I am serious when I say this: when ministers say that they are up for reform, frankly, I do not believe them. I do not think that they really want to do it, and I do not think that they will ever do it. I would rather that they were just honest about that and adopted the Conservative position. The Conservatives, to be fair, have been honest about this from the beginning: they want to hold on to the post-Thatcherite tax regime. They are quite keen on it and on the fact that it is 35 years old. They like that. They like the fact that the valuations are stuck way in the past. They like all that, because they are conservatives.
The SNP should just be honest that it favours that as well, because it is too scared to change anything. I get that change is hard. Change is really difficult, but the SNP has not changed things one jot. It has tinkered at the top end and made itself feel virtuous by changing the tax for the upper bands. However, in reality, that has not changed anything for local government, which has not been given a proper settlement that respects its needs so that it can pay for the public services that we demand of it.

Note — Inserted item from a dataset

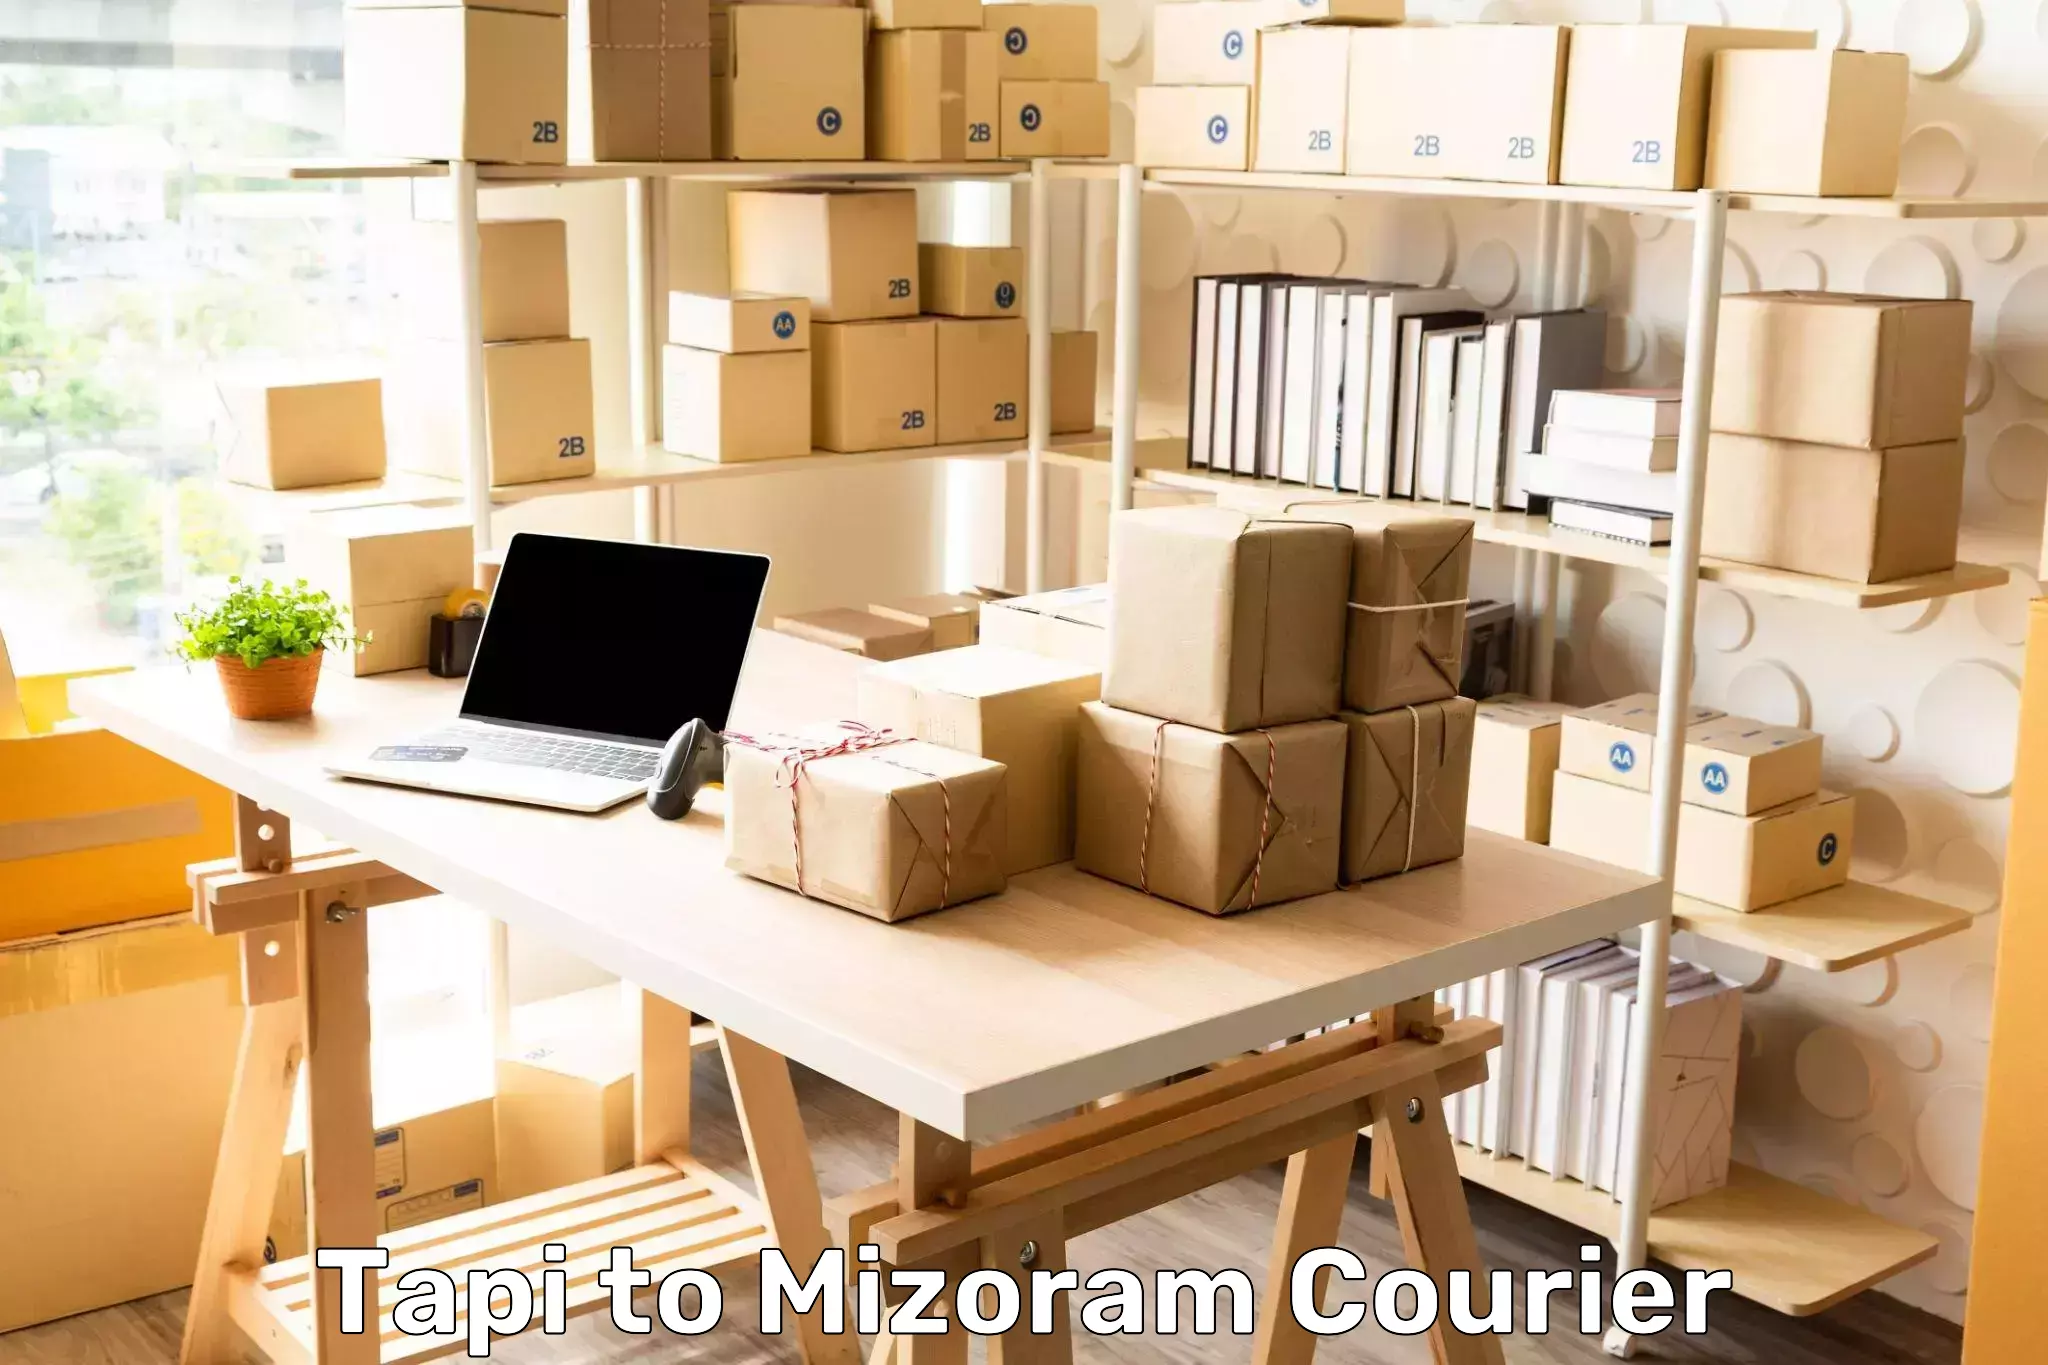 Advanced courier platforms Tapi to Mizoram

I just hope that ministers will take that away and either stop pretending that they are trying to change things or give us something serious. We have had commissions, talks, reviews, expert groups and the wonderful citizens assembly that died a death almost before it started. Let us do something serious if we are serious about reform.

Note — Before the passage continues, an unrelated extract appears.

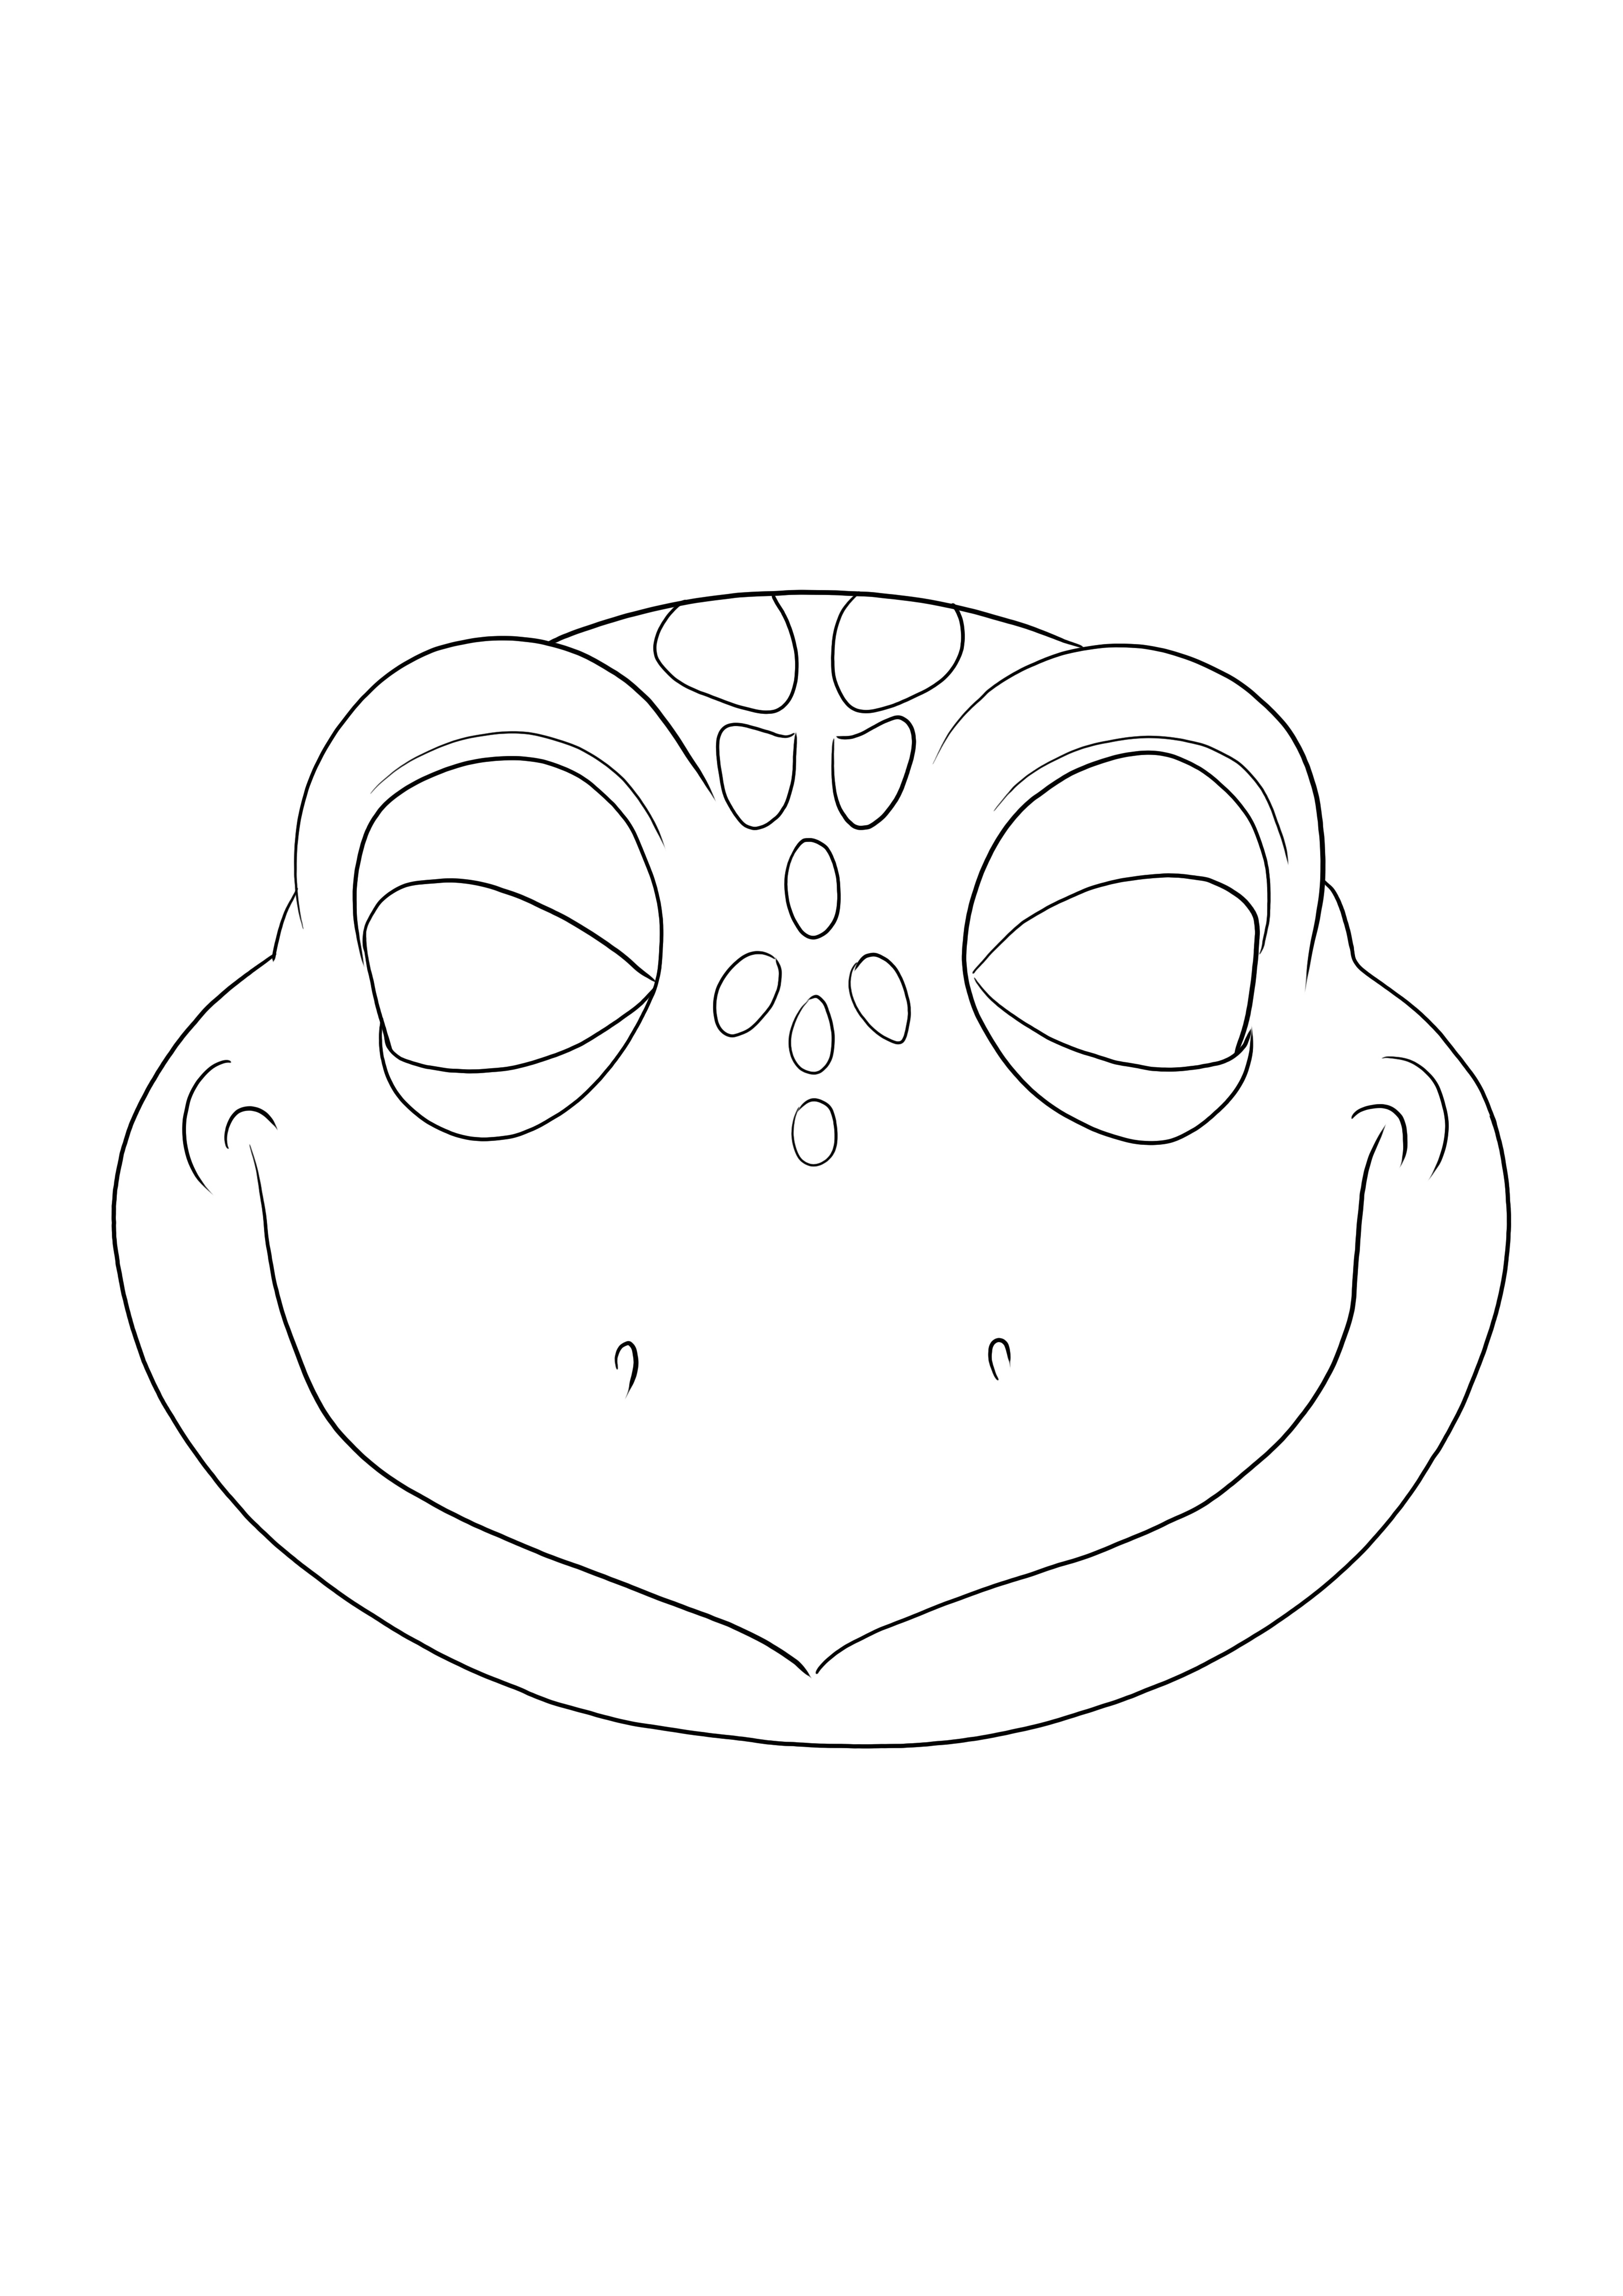 Sencilla hoja para colorear de una Máscara de Tortuga para imprimir o descargar gratis

Craig Hoy and the cabinet secretary were talking past each other about whether the 2026-27 settlement represents an increase or a reduction in funding for local government. They were both right, to some extent, because the cabinet secretary was looking to the past and Craig Hoy was looking to the future. However, the central bit of it is that the cabinet secretary said that Craig Hoy was referring to the spending review figures and not the budget figures. Does that mean that the spending review figures are not accurate and that the figures will go up? Will the cabinet secretary tell us that and whether it is guaranteed?